"Le sacré et le profane" est un essai du sociologue et historien française d'origine roumaine Mircea Eliade (né en 1907), publié en 1956. Cet essai clair et synthétique vise à fournir au grand public une introduction générale et raisonnée à l'étude phénoménologique et historique des faits religieux. En 1917 avec le "Sacré", Rudolf Otto ouvrait un champ de recherches nouvelles: l'analyse des modalités de l'expression religieuse. Mais surtout sensible au côté irrationnel de celle-ci, il ne se donnait pas comme objet la totalité de l' expérience du sacré. Eliade, tout en s'inscrivant dans la même perspective, entend quant à lui étudier le comportement de l' "homo religiosus", dans sa dialectique complète avec ses terreurs, mais aussi sa raison. C'est ce second aspect que toute son oeuvre met en évidence dans les sociétés archaïques et orientales. Le point de départ de l'essai, comme de toute recherche phénoménologique sur les structures ultimes de la conscience de l' homo religiosus, c'est l'opposition du sacré et du profane qui est double. D'une part ce sont deux modalités d'être-dans-le-monde dont la seconde (la profane) est récente, problématique et issue de la première. D'autre part ce sont les deux termes initiaux de la dialectique de l'hiérophanie qui caractérisent la vision sacrale du monde. Eliade ne se contente pas de décrire les structures abstraites pour les opposer à celle de l'homme profane, il nourrit son analyse d'exemples les plus divers sans croire pour autant avec Tylor ou Frazer à une réaction uniforme de l'esprit humain; l'analyse phénoménologique atteint au-delà des différences de "religions", mais les maintenant, la structure toujours répétée de l'opposition fandamentale qui caractérise toute "religiosité".

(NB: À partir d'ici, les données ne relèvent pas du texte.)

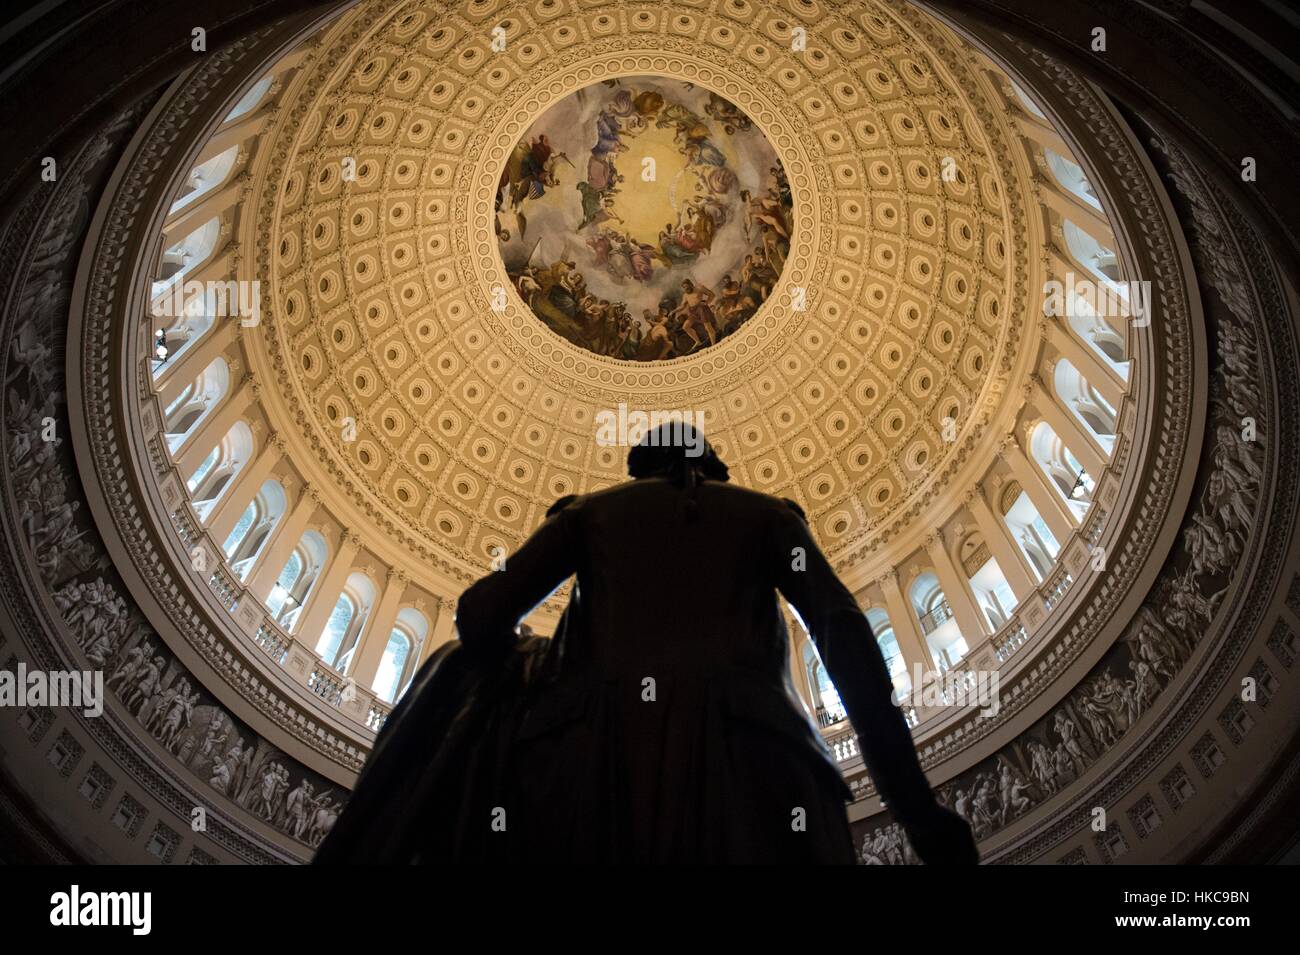 Une statue de George Washington qui se profile sous la rotonde du Capitole des États-Unis au cours de la 58e Cérémonie d'investiture de Donald Trump, 20 janvier 2017 à Washington, DC. Banque D'Images

Les deux premiers chapitres très denses de l'essai d'Eliade esquissent l'analyse de l'expérience de l' espace et du temps pour l'homo religiosus. Dans l'opposition initiale du sacré et du profane à travers laquelle se structure tout le vécu de l'homo religious, le temps et l' espace se donnent comme non homogènes. L' espace est morcelé, c'est l' hiéphanie qui en révèle les points fixes, les zones réelles; c'est par elle que se fonde le monde. Eliade illustre ce point de l'examen de la manière dont sont vécues la demeure humaine et la demeure divine par la conscience religieuse. Il oppose à la "machine à habiter" de Le Corbusier, à la maison de l'homme profane, la demeure construite selon un rituel qui réitère la cosmogonie, sur un plan qui est "imago mundi". De même, à l'opposé du temps historique et profane linéaire et homogène, la conscience religieuse conçoit un temps cyclique, rompu par les fêtes et les récitations de mythes qui l'une et l'autre sont retour aux origines, réitération cosmogonique, possibilité pour l'homme d'être contemporain des dieux.

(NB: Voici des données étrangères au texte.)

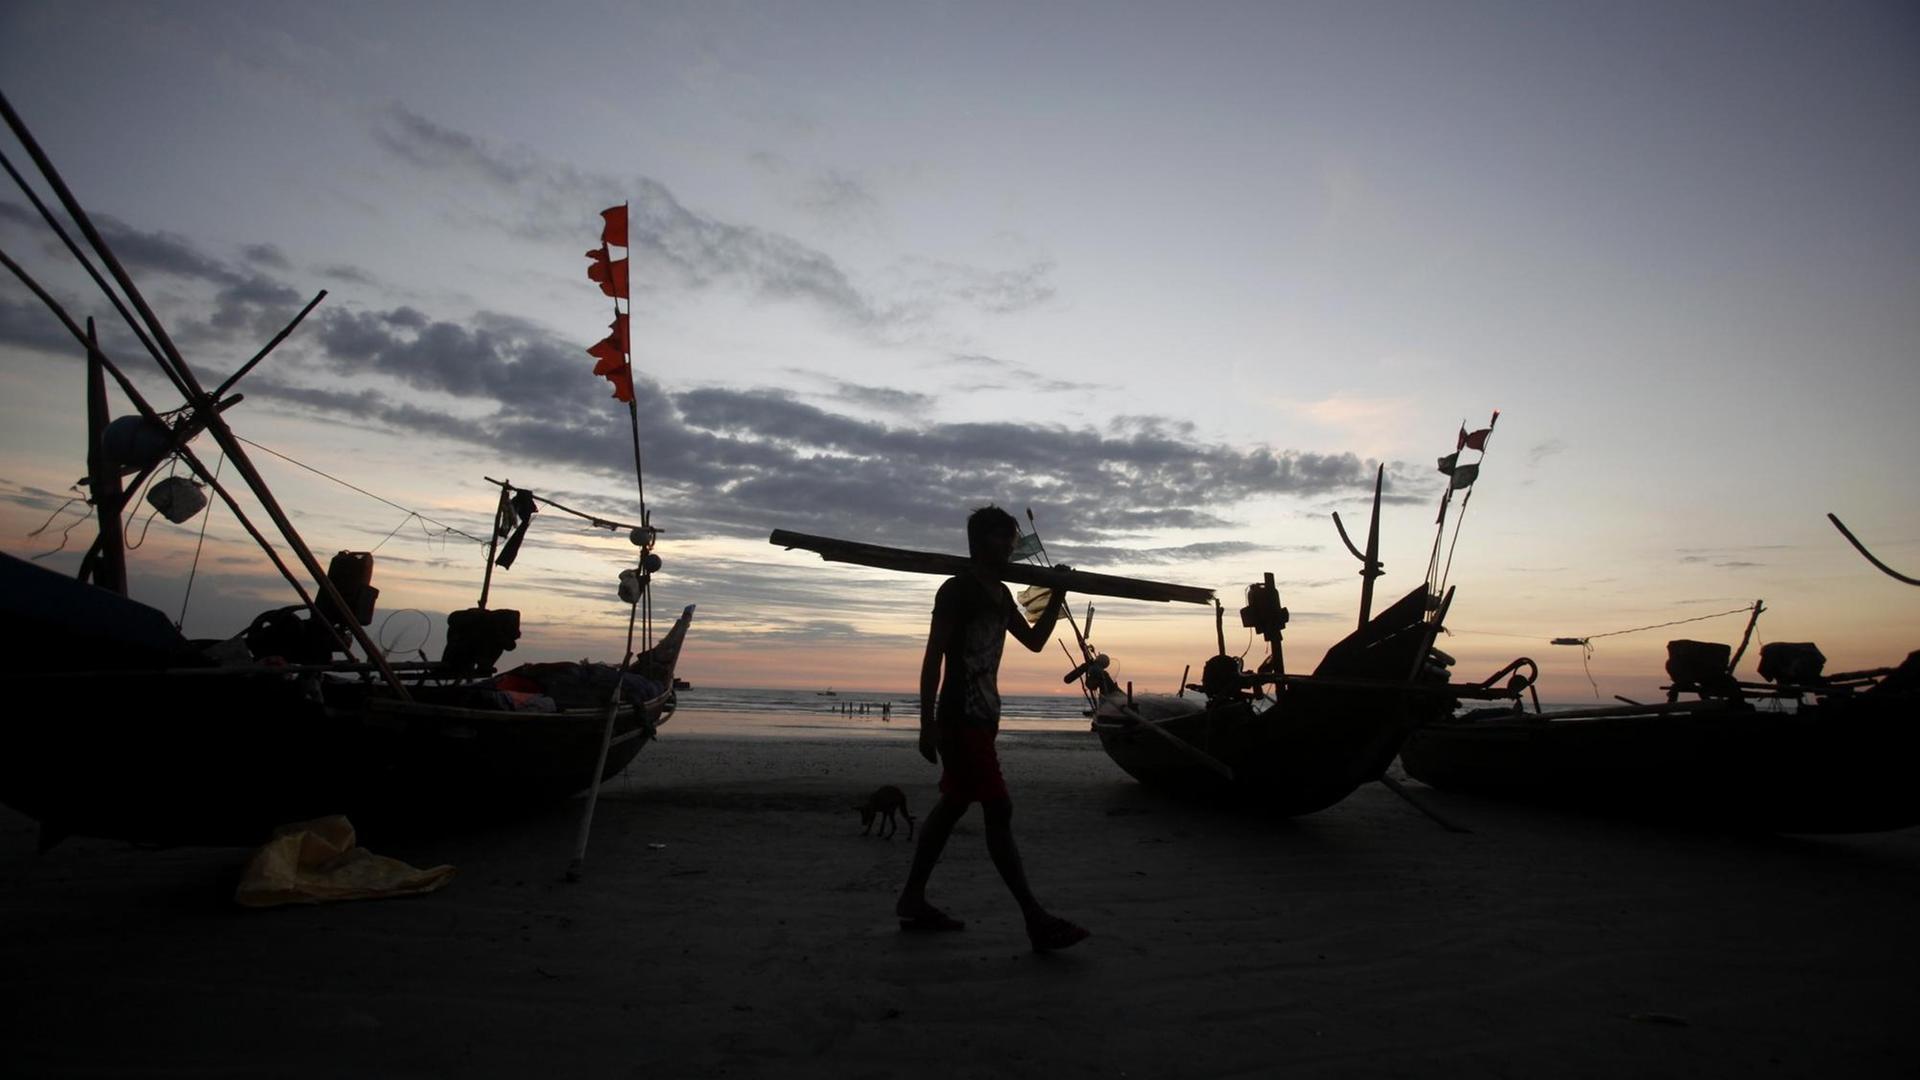 Das Bild zeigt einen Fischer am MaungMaKan Beach in Myanmar.

Les deux autres chapitres de l'essai explicitent la vision religieuse du monde à partir de cette architectonique. La nature entière des sphères ouraniennes aux eaux de la mort, des enfantements de la vie à la paresse des astres est emprisonnée dans les rêts d'une parole rituelle qui la fonde et la rend signifiante. Le monde parle aux consciences religieuses parce qu'il est, pour elle, créé et que tout geste sacré, toute parole sacrale, vise à réitérer cette création. En prenant pour exemple les "sites parfaits", ces jardins qui furent la passion des taoïstes chinois du XVIIe siècle. Eliade montre comment s'est désamorcée et défaite cette vision "en miroir" de la nature sacrée. La vie humaine dans son accomplissement est pensée et sentie par l'homo religiosus selon la même structure. Elle est comme l' espace, le temps et la nature morcelée: elle a ses fêtes, ses mythes, ses seuils. Une brève phénoménologie des rites de passage et des initiations à la sexualité, à la mort et au sacré suffit à illustrer ce point.
Pour conclure, Eliade s'interroge sur la seconde opposition du sacré et du profane: non plus celle qui, pour la conscience religieuse, fonde le monde et la vie mais celle qui différencie comme deux modes de l'être-au-monde la conscience religieuse et la conscience profane. Pour la conscience profane le sacré est conçu comme obstacle à la liberté mais l'homme moderne est-il vraiment profane? Peut-être pour le savoir devrait-on concevoir une histoire de la religiosité. Conçue et vécue pour elle-même et en elle-même, elle devient ensuite figure de la conscience déchirée pour être aujourd'hui "oubliée"; cela ne signifierait nullement sa disparition mais plutôt qu'elle parlerait aujourd'hui à travers les théologies de la mort de Dieu et dans l'insignifiance de la vie journalière, le langage de l' inconscient.